The **Watershed algorithm** treats the image as a topographic surface.

#### Topographic Interpretation

- **Intensity** = altitude
- **Local minima** = valleys (catchment basins)
- **Watershed lines** = boundaries between basins

#### Algorithm (Flooding Simulation)

1. **Identify markers** (seeds) for each region
2. **Flood** from each marker:
   - Water rises from local minima
   - When waters from different basins meet → watershed line
3. **Label** pixels by their basin

#### Mathematical Formulation

**Gradient magnitude** as topographic surface:
$$
\nabla f = \sqrt{(\frac{\partial f}{\partial x})^2 + (\frac{\partial f}{\partial y})^2}
$$

**Markers**: Binary images indicating object/background seeds

#### Marker Selection

**Problem**: Over-segmentation (too many basins)
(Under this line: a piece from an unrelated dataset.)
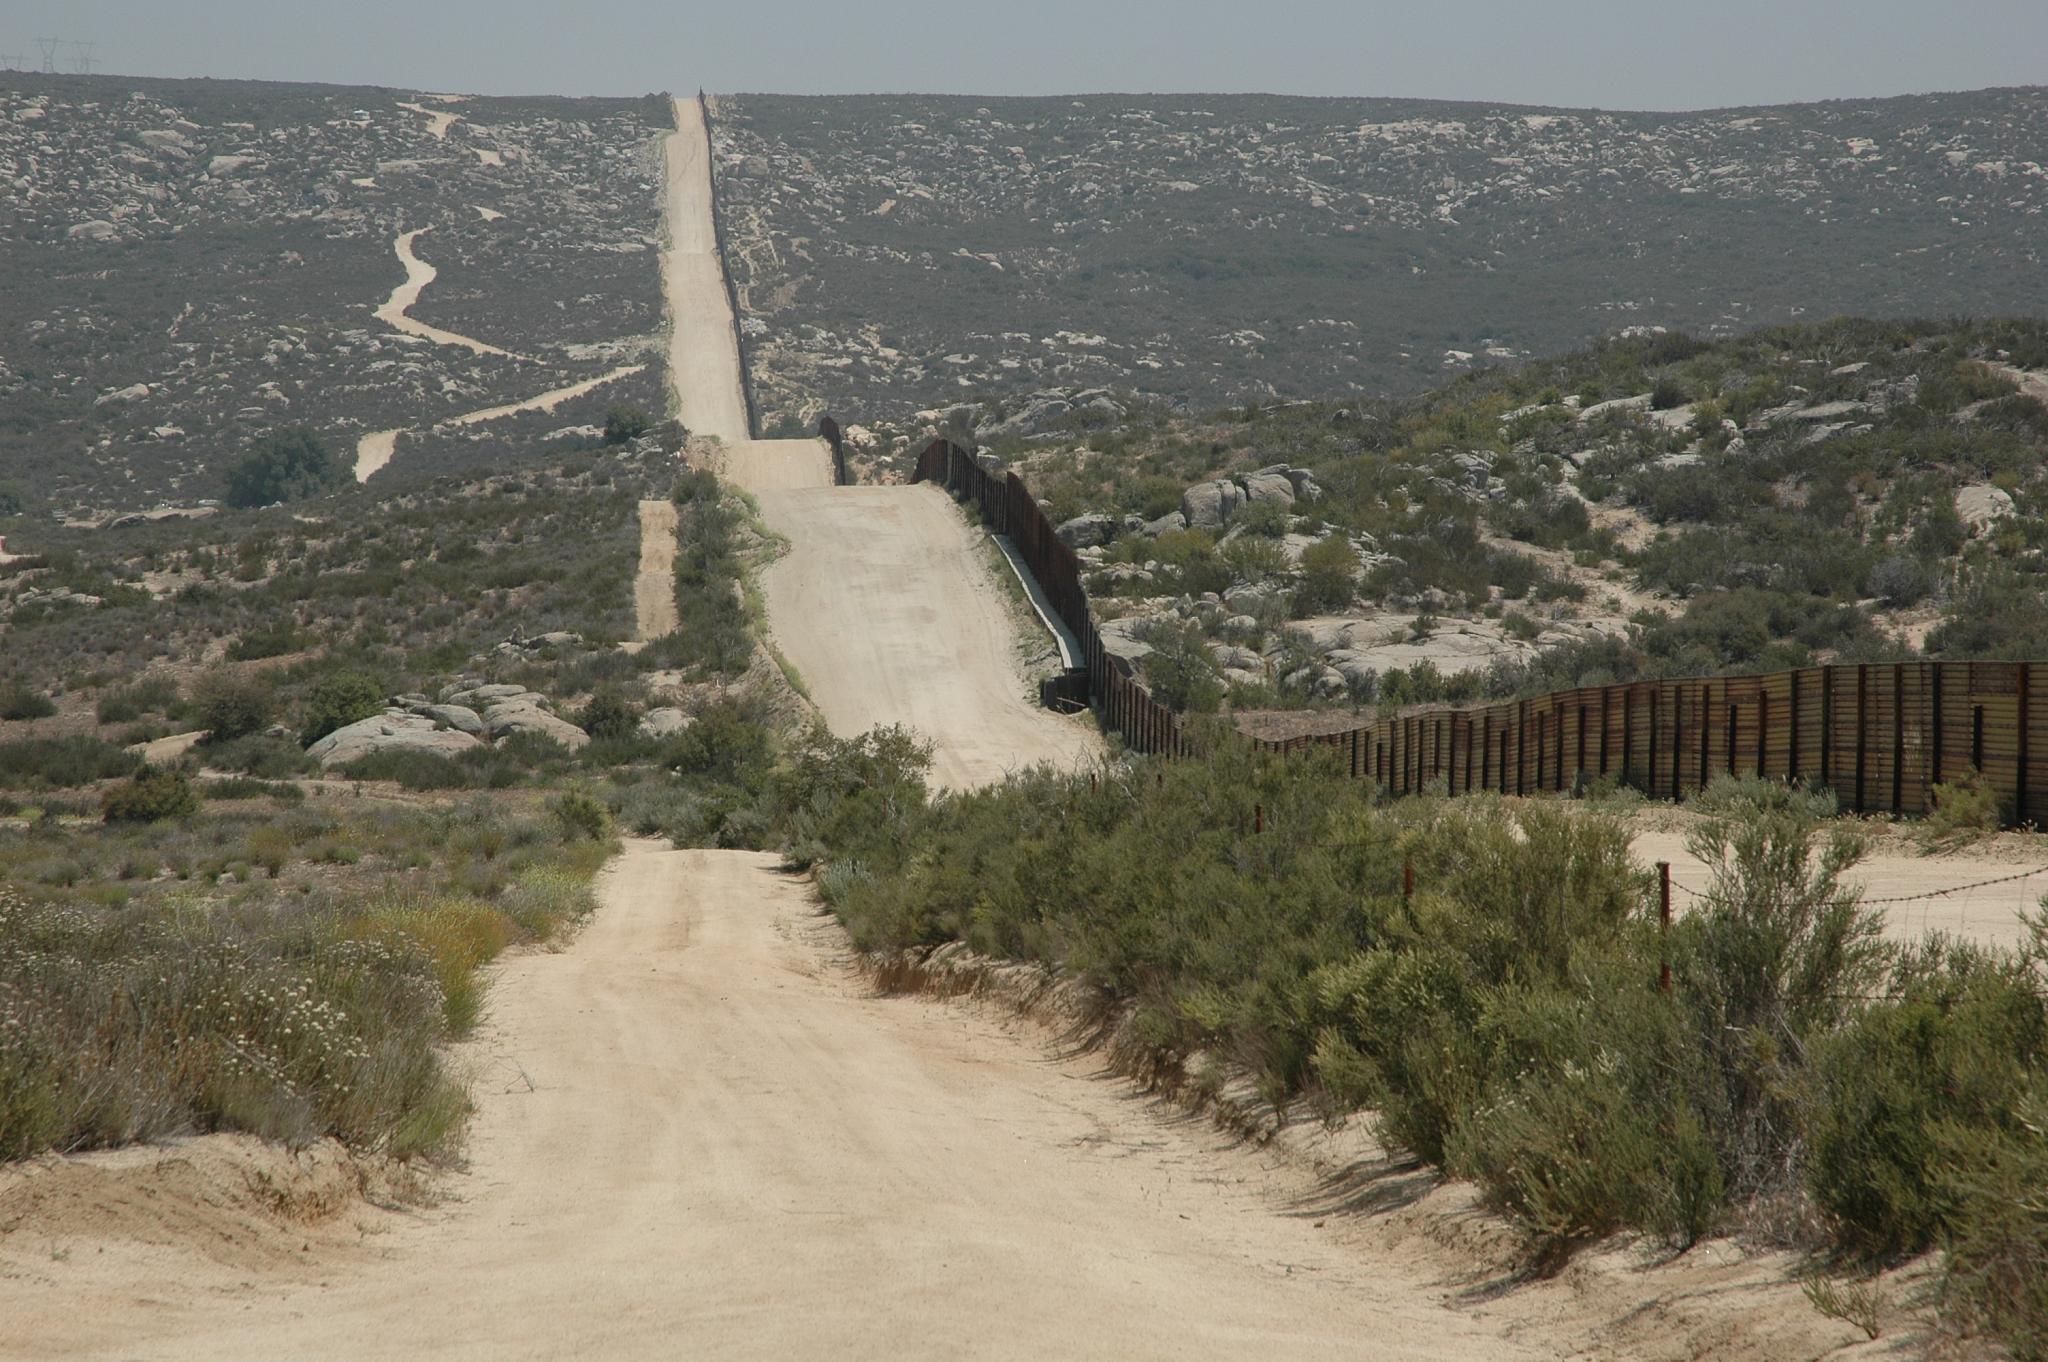 Migrant apprehensions surge on U.S.-Mexico border
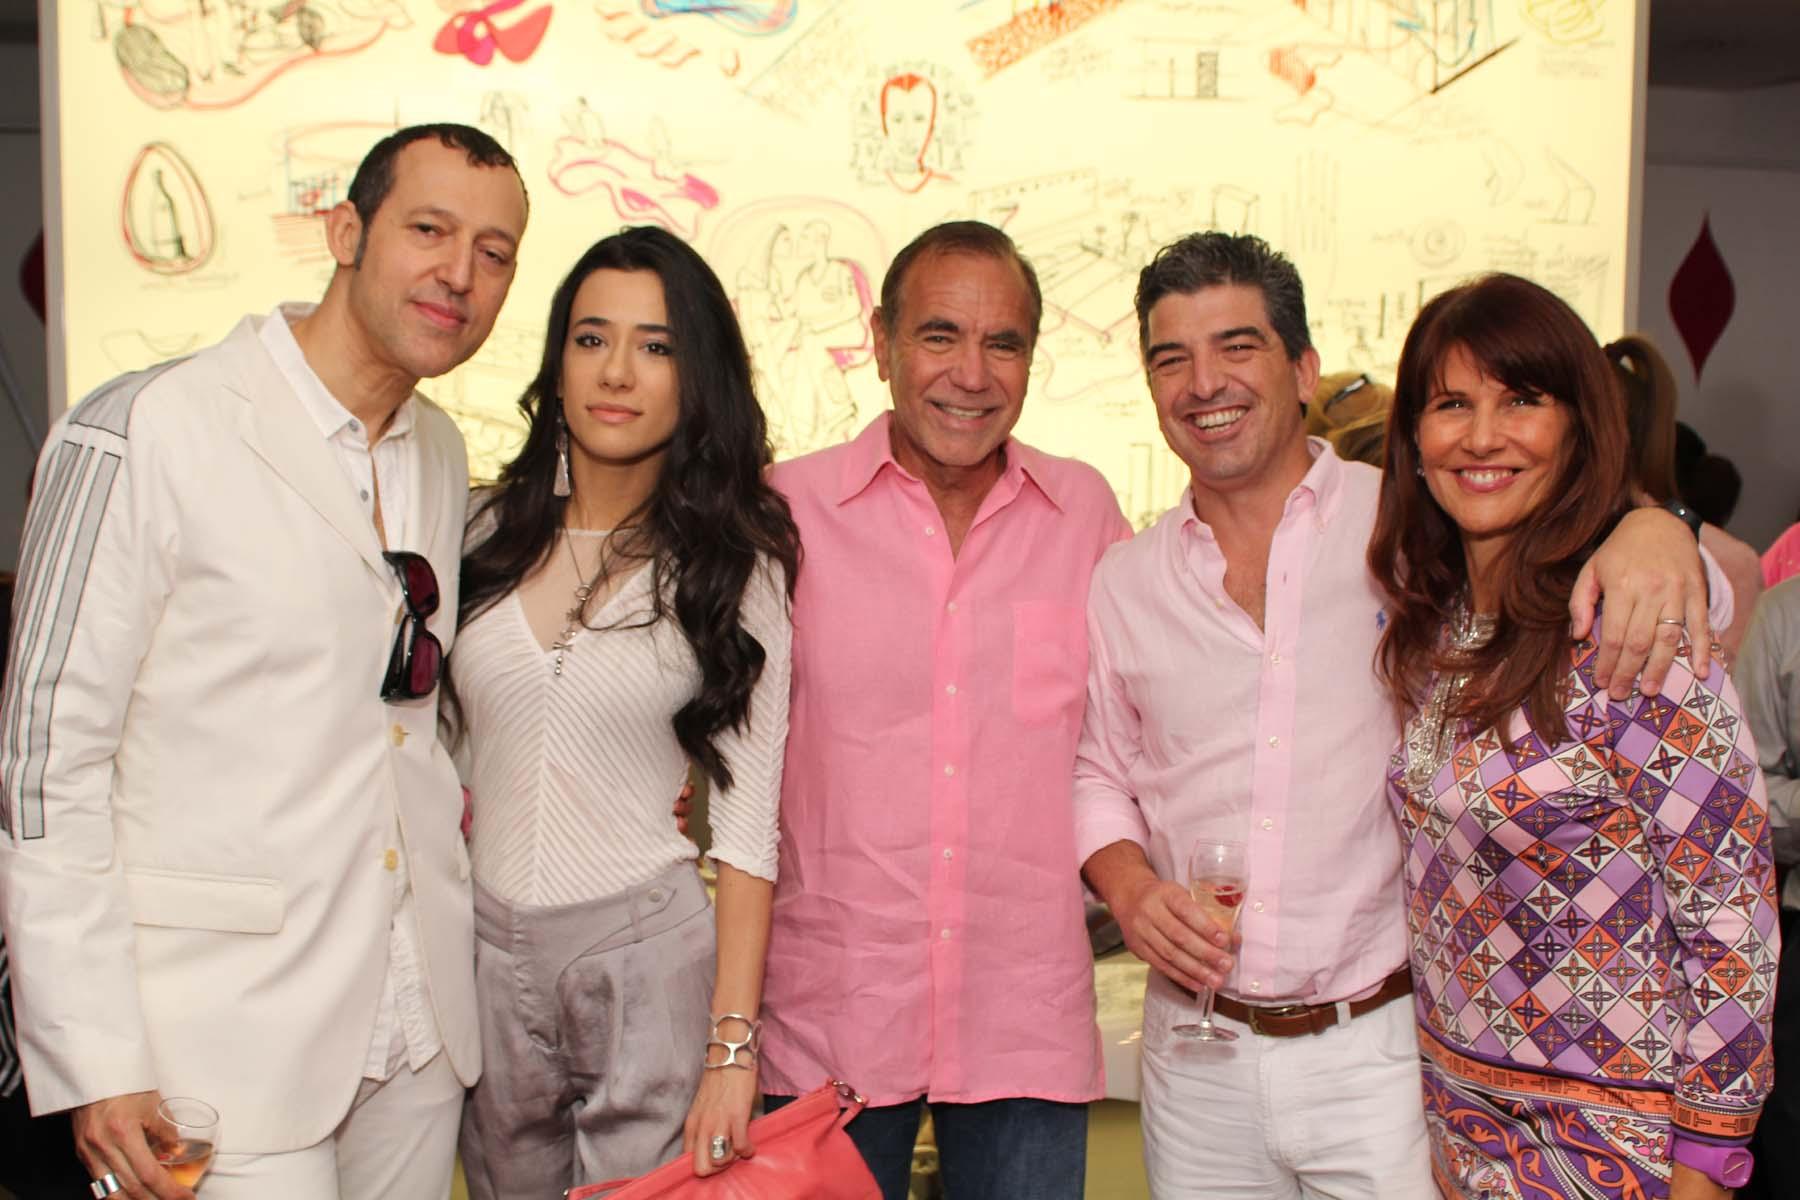 Karim Rashid, Ivana Puric, Jorge Perez, Carlos Rosso, Sonia Figueroa

**Solution**: Provide markers
1. **Foreground markers**: Sure foreground (via morphology)
2. **Background markers**: Sure background
3. **Unknown region**: Let watershed decide

**Common approach**:
- Distance transform → local maxima = foreground
- Dilation of foreground = background
- Between them = unknown

In [None]:
# Watershed segmentation
print("=" * 70)
print("WATERSHED SEGMENTATION")
print("=" * 70)

# Preprocess
gray = cv2.cvtColor(img_coins, cv2.COLOR_BGR2GRAY)
_, thresh = cv2.threshold(gray, 0, 255, cv2.THRESH_BINARY_INV + cv2.THRESH_OTSU)

# Noise removal
kernel = np.ones((3, 3), np.uint8)
opening = cv2.morphologyEx(thresh, cv2.MORPH_OPEN, kernel, iterations=2)

# Sure background area
sure_bg = cv2.dilate(opening, kernel, iterations=3)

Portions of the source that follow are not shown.